Tax Questions About Gifting
- You receive the gift, you do not have to include the value of that gift as income. Gifts are specifically excluded from the definition of income under federal tax law. Therefore, the value of the gift is not taxable to you on your federal income tax return, and you never have to report the gift to the IRS.
- No state tax, in any state in America, is paid on gifted money or property. Only the federal government imposes a gift tax. Similar to federal income tax law, those state that impose a state income tax do not require you to report gifted money as income.
- The federal government imposes a gift tax on people who give substantial gifts. As of 2010, a person who gives a gift of more than $13,000 total to one recipient during the year must file a gift tax return with the IRS. The $13,000 is measured by the recipient and includes all gifts made during the year. So, if you give $6,000 in January and $7001 in August, to the same one person then you will have to file a gift tax return. However if you give one person $12,999 and another person $12,999 during the same year then you do not have to file a gift tax return because no single recipient received more than $13,000 in that year.

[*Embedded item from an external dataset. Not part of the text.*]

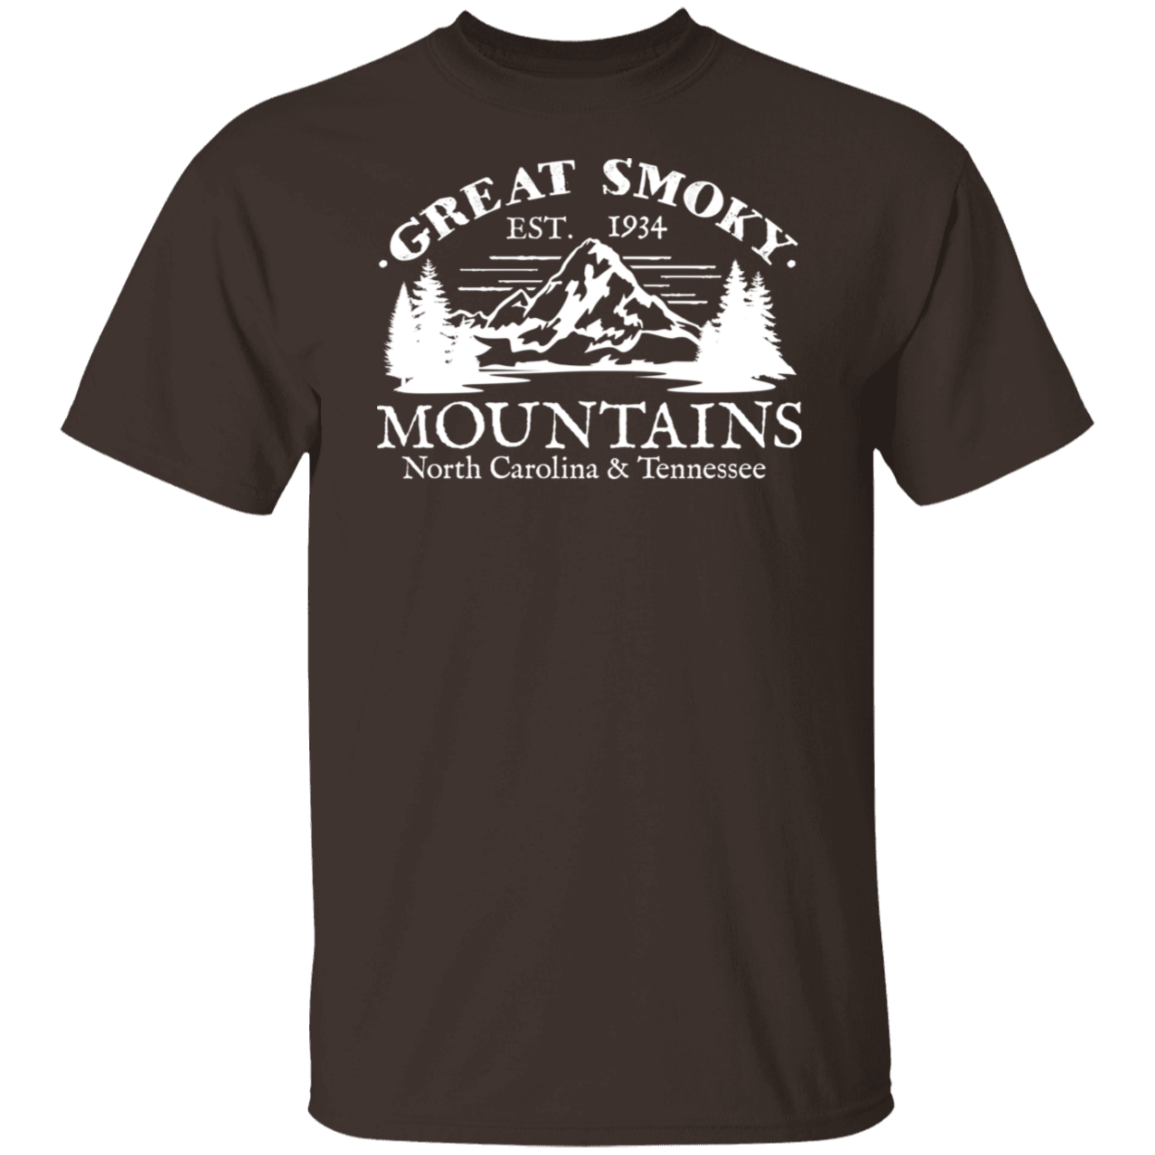 Great Smoky Mountains Vintage White Print T-Shirt

- The primary purpose of the federal gift tax is to prevent people from giving away all their property before they die as a way of avoiding the federal estate tax. Accordingly, the IRS allows a lifetime exemption equal to $1 million, as of 2010, in gifts to a single recipient. This means that even if you have to file a tax return in one year because you gift more than $13,000, as long as your total lifetime gifts to that same recipient are not more than $1 million, then you will not actually have to pay the federal gift tax.
No Income tax
No State Tax
Federal Gift Tax
Lifetime Exemption
Source...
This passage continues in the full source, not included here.